Por Roberto Leher
Reitor da UFRJ
As recorrentes manifestações de racismo, agora com sentido político-eleitoral mais acentuado, redefinem o alcance ético-político da celebração da data. Os ataques às comunidades quilombolas e aos espaços de religiões de matriz afro-brasileira, notadamente umbanda e candomblé, não são manifestações episódicas. A ‘flexibilização’ na tipificação de trabalho análogo à escravidão (Portaria n. 1129, de 13/10/2017), vigorosamente combatida pela Organização Internacional do Trabalho, é parte desse movimento. O massacre, literal, da juventude negra que vive nas favelas é igualmente uma dimensão axial da vida social dos negros na sociedade de classes.
A escravidão colonial e neocolonial não se conectou apenas com os centros hegemônicos que impulsionaram a exploração agrícola e mineral no país no contexto do capitalismo comercial; marcou (e marca) a formação econômico-social brasileira, inclusive, a partir do final do século XIX, a moderna economia urbana-industrial. Como assinala Florestan Fernandes, o fim da escravidão institucionalizada “deixou atrás de si várias formas de trabalho semilivre e de trabalho escravo disfarçado que continuam a existir até hoje, mesmo em economias de plantação tidas como ‘especificamente modernas’.”[1]

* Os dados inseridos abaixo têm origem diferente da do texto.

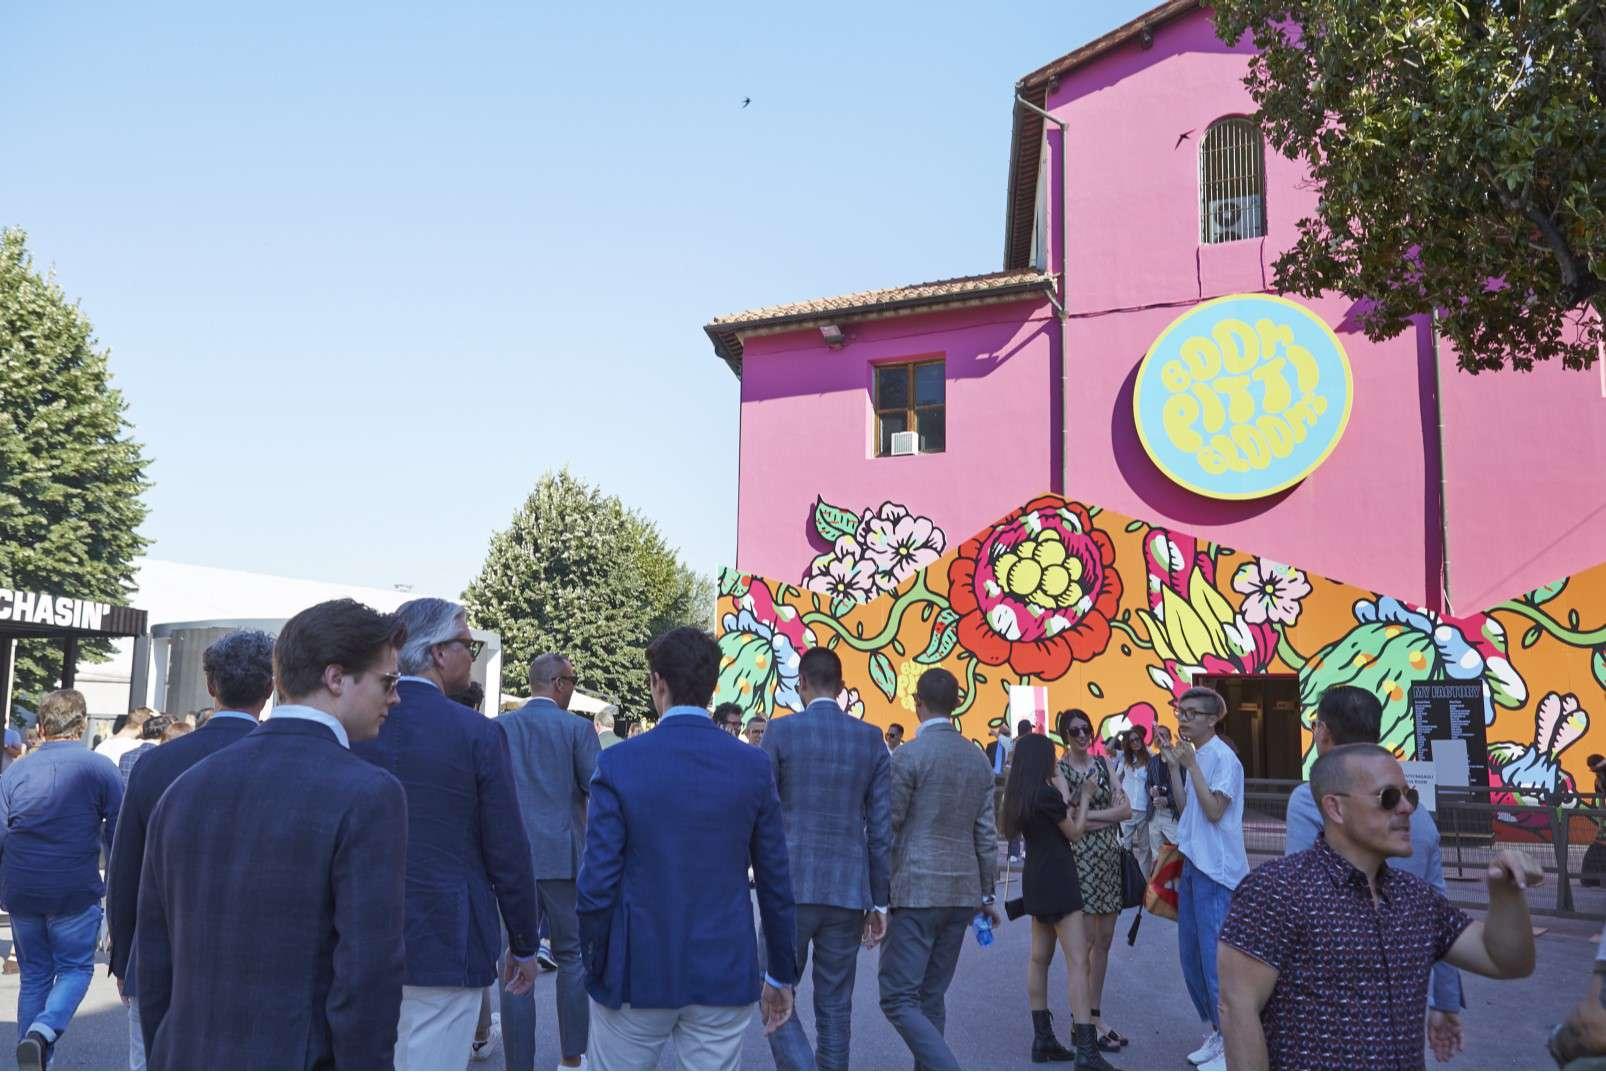 Pitti Immagine Uomo, 12-15 June 2018
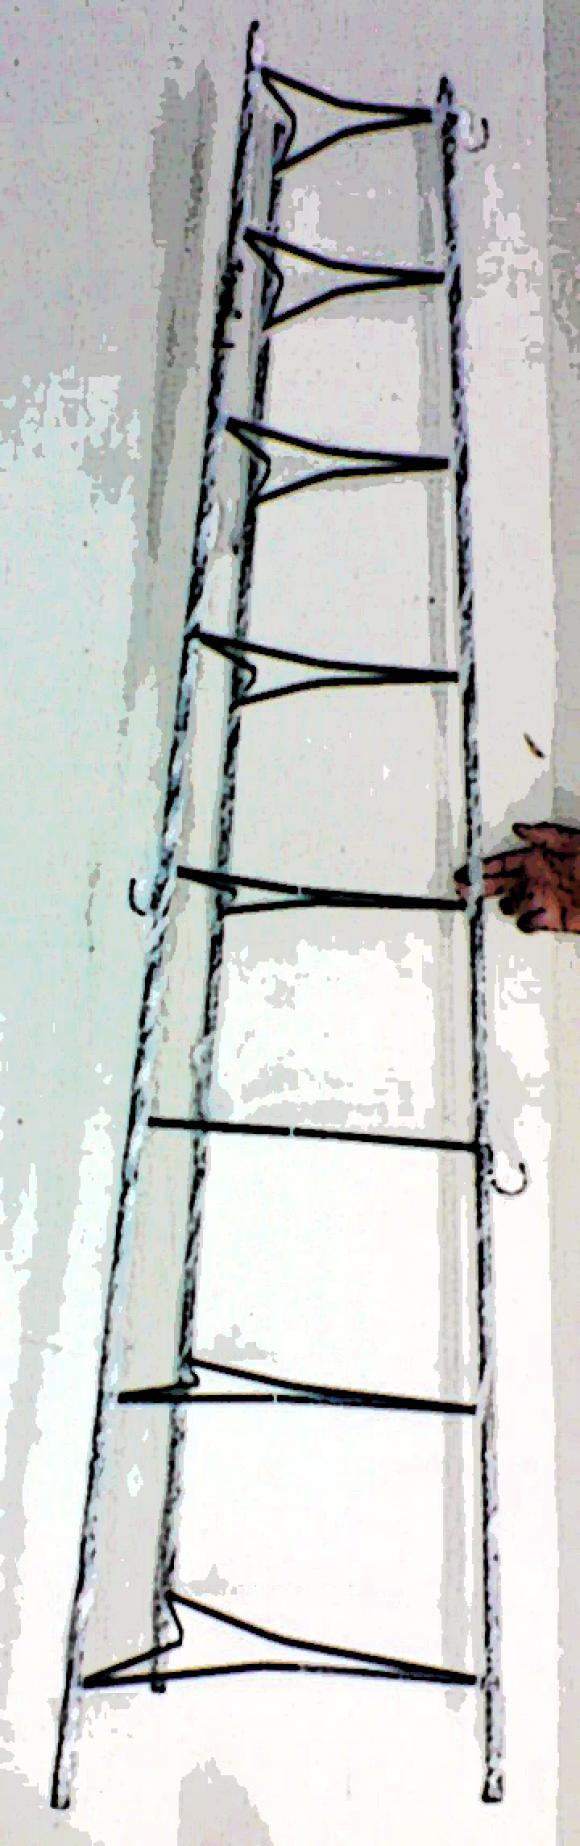 Trip� para Panelas de Ferro 7 lugares,so fogoes,sofogoes,pe�as para fogo�o em geral,fog�es,conserto de fog�es,conserto de fog�es bh,fog�es industriais.fog�es a lenha

A reivindicação da história das lutas contra a escravidão e do sentido do uso do trabalho escravo para a consolidação do capitalismo no Brasil são imprescindíveis para as lutas do presente. Abolicionistas engajados, como Rui Barbosa, como nos lembra Antônio Callado [2], acreditaram que a abolição requeria o apagamento de todos os registros históricos que falam sobre a escravidão, por serem vergonhosos. Muitos compartilham esse ponto de vista.
Ao contrário, as lutas dos movimentos negros (Quilombo dos Palmares, Malês, Balaiada, Revolta da Chibata, entre tantas outras lutas), as culturas e o esforço de historiadores e intelectuais negros possibilitaram a preservação de muitos desses registros e dessas memórias. A consciência negra nos ajuda a compreender e a transformar a áspera realidade de um padrão de acumulação que se vale da classificação e hierarquização racial – e de consequentes hierarquizações simbólico-culturais. O racismo não é uma herança que ainda oprime, como ecos do passado, a vida no presente: é parte do “moderno” capitalismo. As mudanças na legislação trabalhista estão aí para nos lembrar desse fato.
A presença de um grande número de jovens negros nas universidades por meio de cotas – que sofrem para permanecer estudando com dignidade, em virtude da dramática insuficiência das políticas governamentais de assistência estudantil – é uma extraordinária oportunidade histórica para desenvolver a ciência, a cultura, a história, as formas de organização, as vozes d’África, todas indispensáveis para fortalecer as lutas que a realidade brasileira exige. Que a celebração de hoje seja capaz de engendrar ações para conferir centralidade às lutas contra o racismo e o modo de produção material e simbólica da vida que se assenta sobre a negação da humanidade dos expropriados e explorados.
Rio, 20 de novembro de 17
[1] F. Fernandes, A economia escravista no Brasil, Circuito fechado, SP: Hucitec, 1976.
[2] A. Callado, Censura e outros problemas dos escritores latino-americanos, RJ: José Olympio Ed., 2006.